As the interior door shut with a
thump, Ren watched the girl vanish with the two most valuable items she
possessed. She wondered how the accountant—who’d barely even looked at
her—might react if he knew all the spellwork written into the veins of
each of those vessels. All the time she’d spent hammering perfection
into her stances and her enunciations.

All he sees is another welfare wizard.

“You can step to the side. She’ll return shortly.”

Ren
complied. She felt an itch at the back of her neck. A whisper of an
echo of a curse. This was where she always stood as she waited for her
items. She knew that the alley over her right shoulder ran straight and
narrow, down to the place where her life had changed forever. Every time
she stood here, she tried to resist looking. And every time she failed.
As Aunt Sloan stepped up to speak with the accountant, Ren looked down
that arrow of an alleyway.

It pointed to the distant canal
bridge. Unfinished back then, it was the place where her father had
turned to wave back at her.

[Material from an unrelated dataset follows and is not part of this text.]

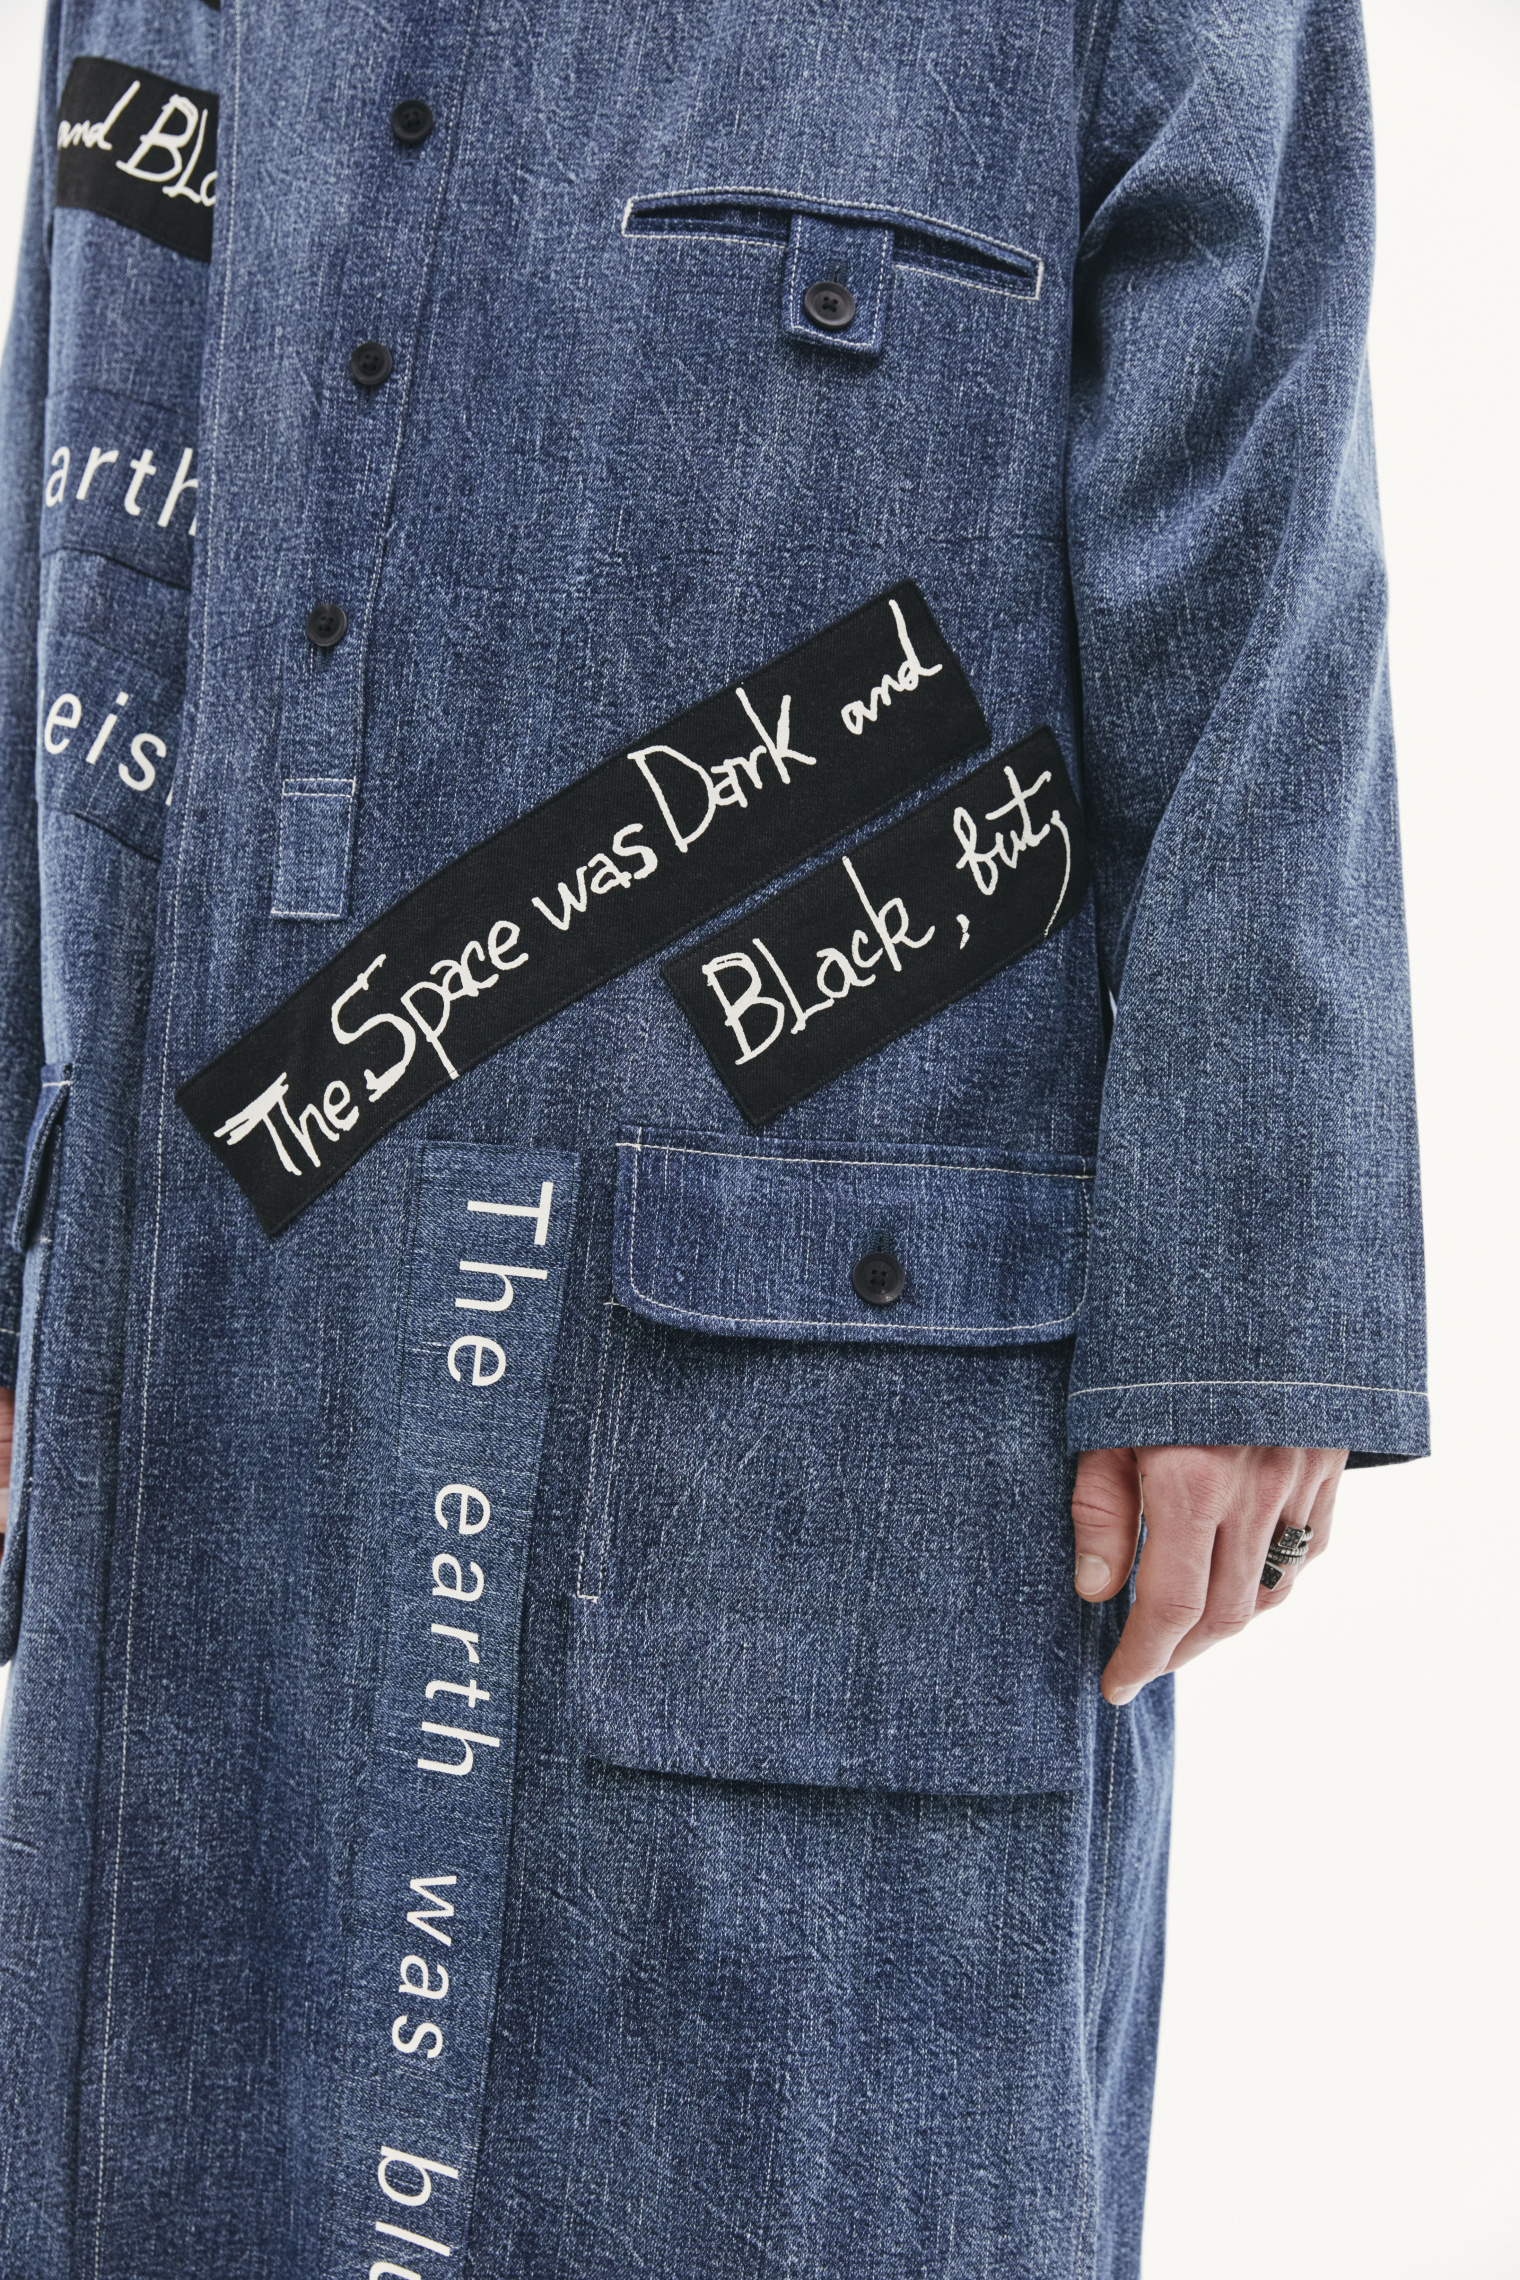 Yohji Yamamoto Blue Denim Coat

Ren’s eyes found the wooden bench where
she’d sat down to wait for him. Sometimes she couldn’t believe it was
still there. Like a relic that she’d summoned from her own memories. And
then she imagined hearing the sound of the earth grinding beneath their
feet as it had that day. The way her father had looked back one final
time before he fell. Her entire life, changed in less than a breath.

“Your things?”

The
girl was back, standing with both vessels held out. Ren liked to
imagine she saw a new glow in them, but the truth was they looked
exactly the same. She accepted both vessels, and the runner slipped back
to her position behind the table. Ren glanced at the line one more
time.

Everyone was waiting. She knew they’d refill their vessels
and use spells that unwound the knots in their backs. Spells that added
strength to get them through another grueling day. Aunt Sloan liked to
spice her soups with a little magic. Others entertained grandchildren
with clever charms. She almost envied the thought. Using magic to touch
up their days. Meanwhile, she would spend the next few weeks trying to
create entirely new spells with her meager allotment. Doing her best to
impress people who seemed to find nothing so impressive as their own
lives.

Ren took a final look, tucked her wand into a waiting belt loop, and started to walk.